■ WHAT YOU HAVE TO DO ■
Skip the pictures. Quote every line below, exactly, from the one with "куклы и одежда" through the final line.

━━━━━ SUPPLIED DATA ━━━━━

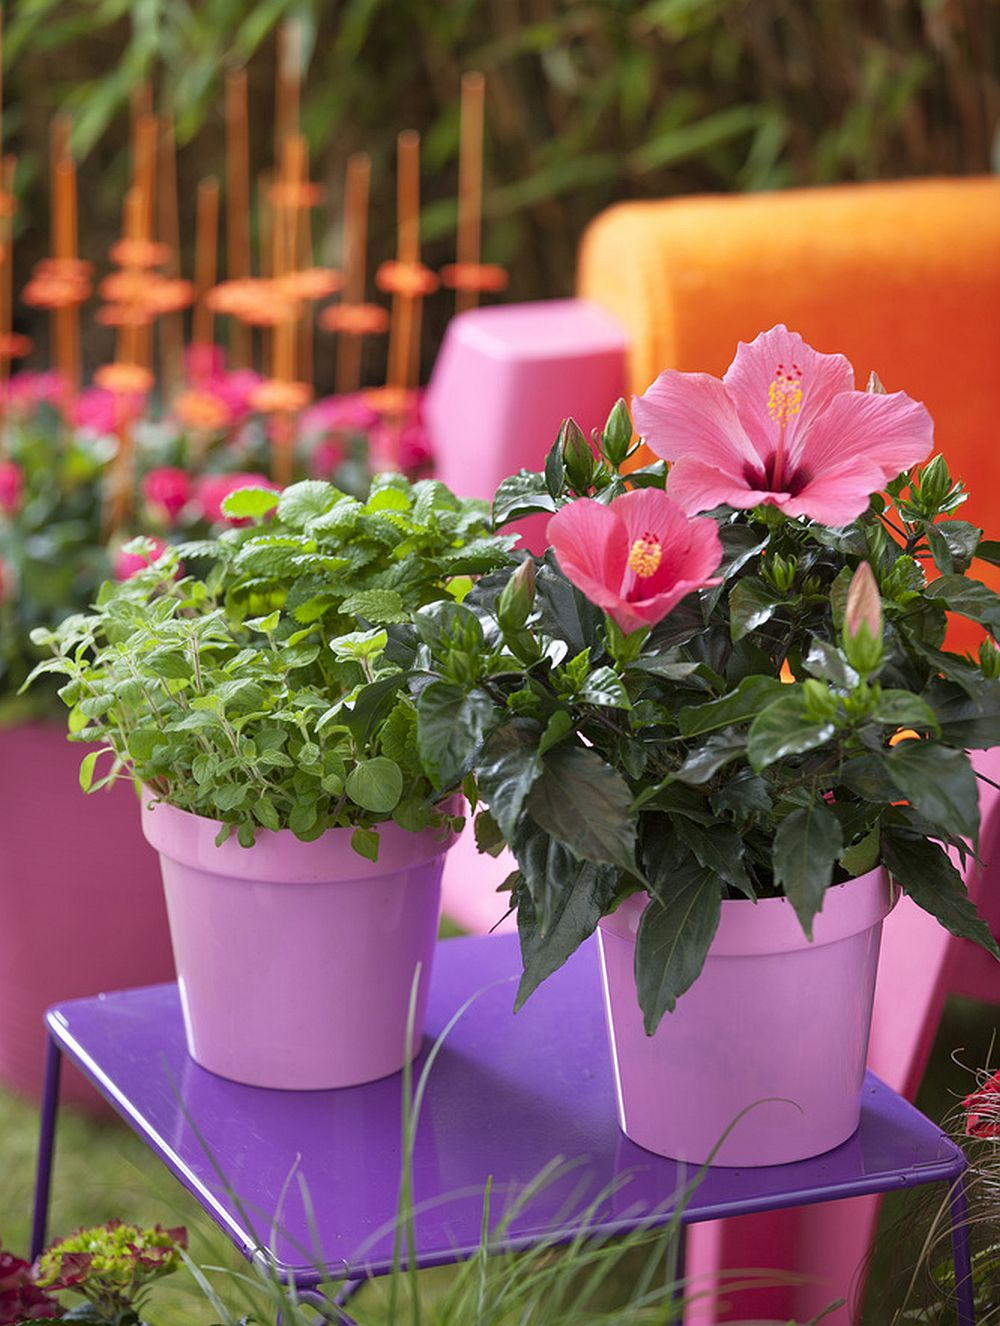 adelaparvu.com despre trandafirul japonez, trandafirul chinezesc, Hibiscus, text Carli Marian, Foto Floradania (14)
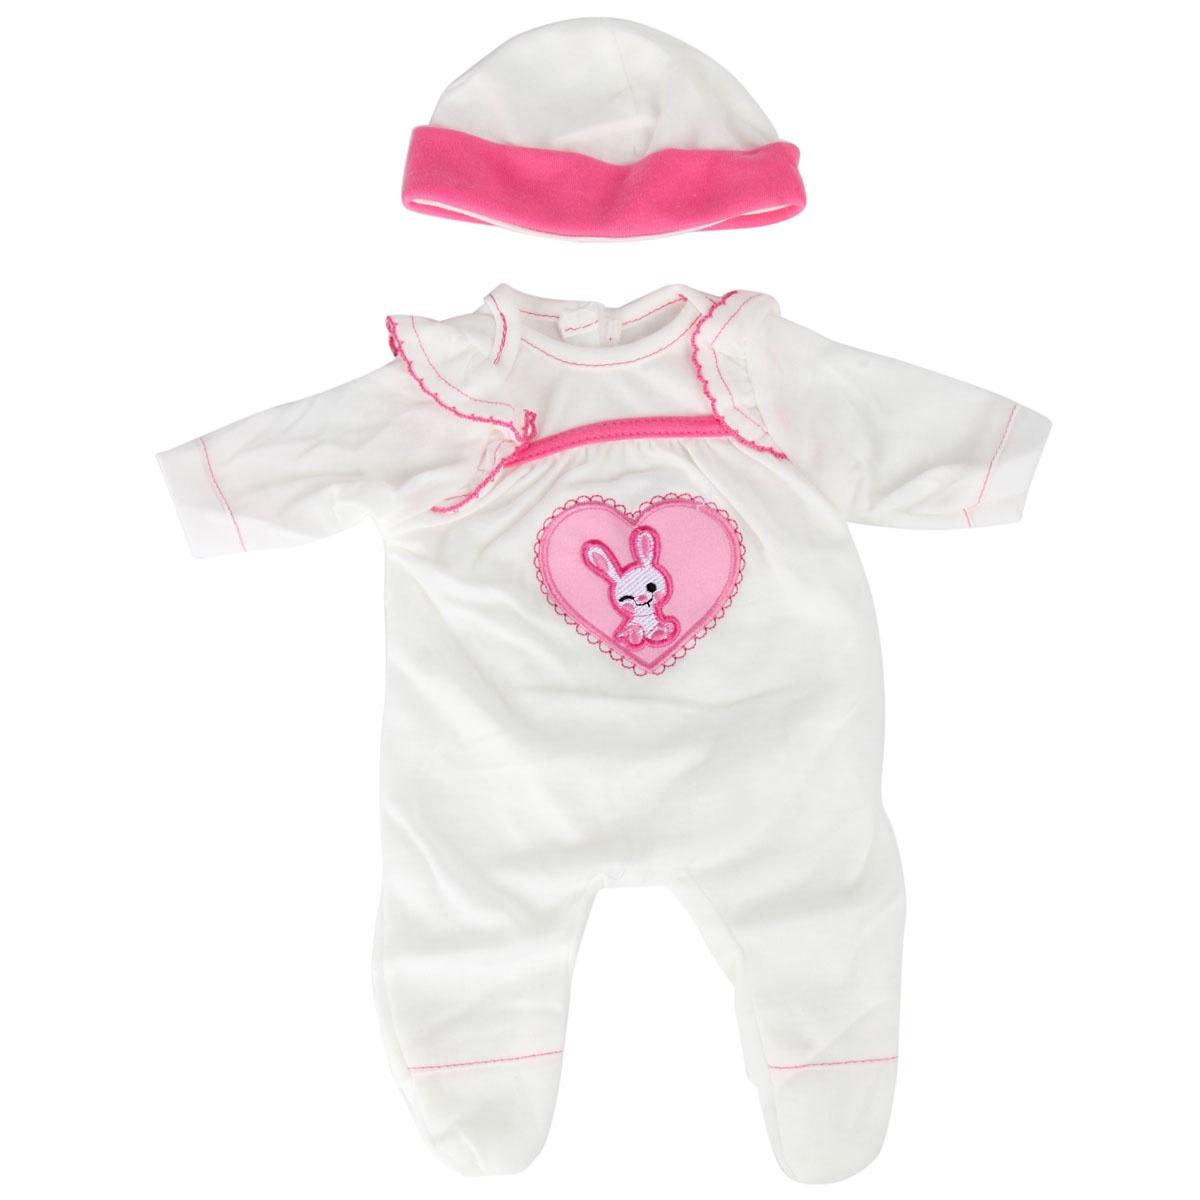 куклы и одежда для кукол asi одежда для кукол 60 см 0000092 Одежда для кукол Veld Co 75903
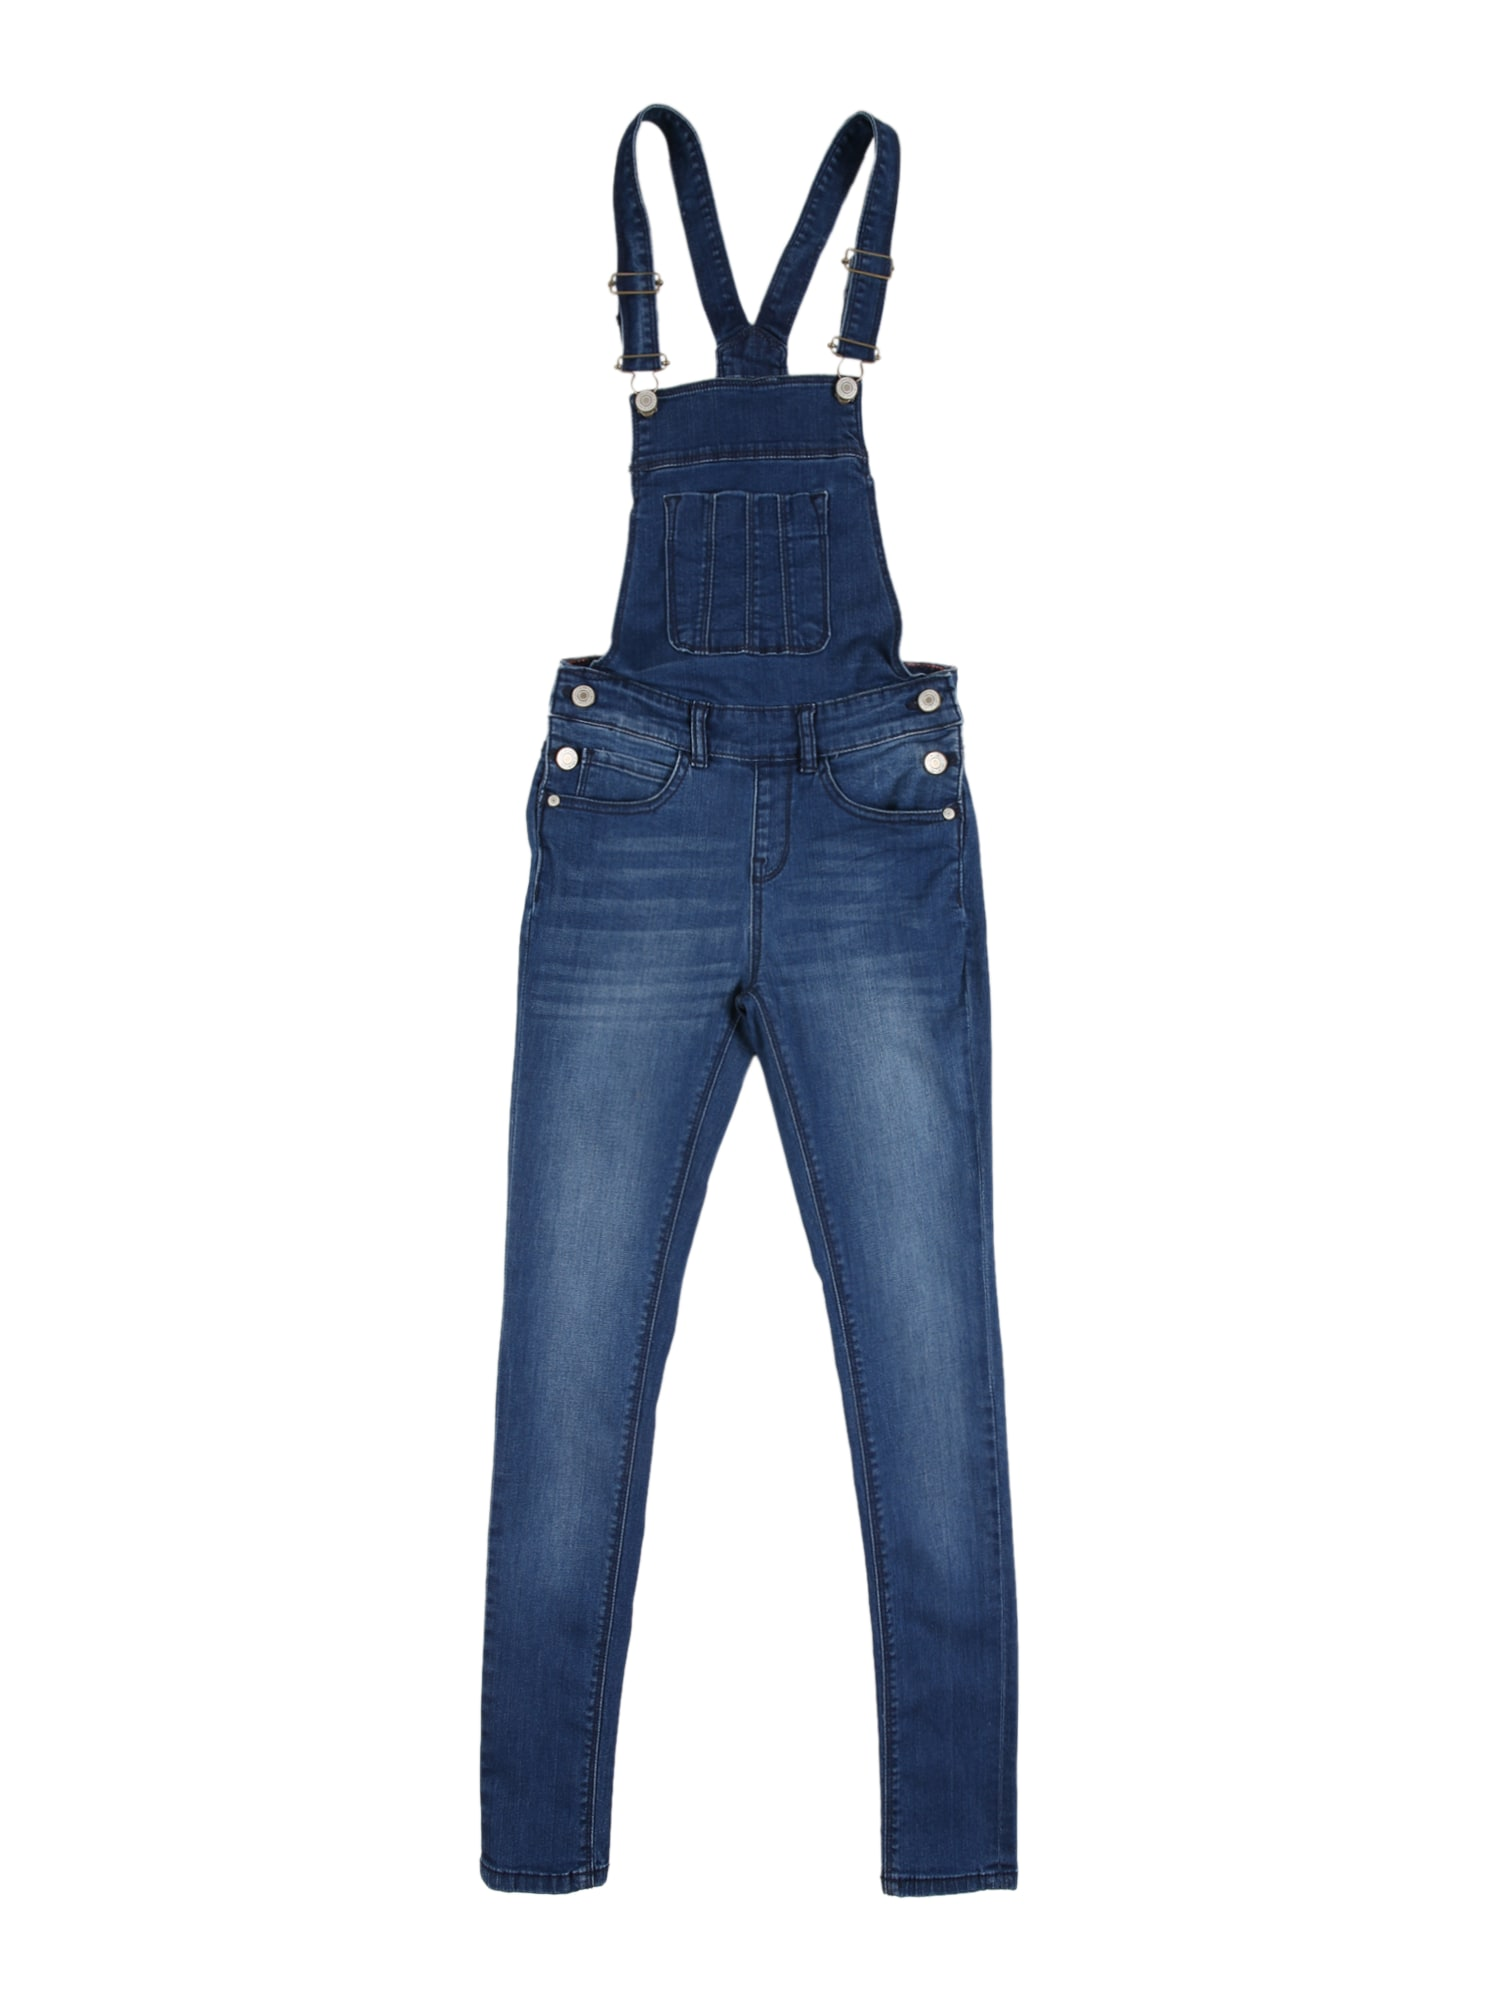 Cars Jeans Kombinezonas su petnešomis

━━━━━

■ OUTPUT FOR THIS EXERCISE ■
 куклы и одежда для кукол asi одежда для кукол 60 см 0000092 Одежда для кукол Veld Co 75903
 Cars Jeans Kombinezonas su petnešomis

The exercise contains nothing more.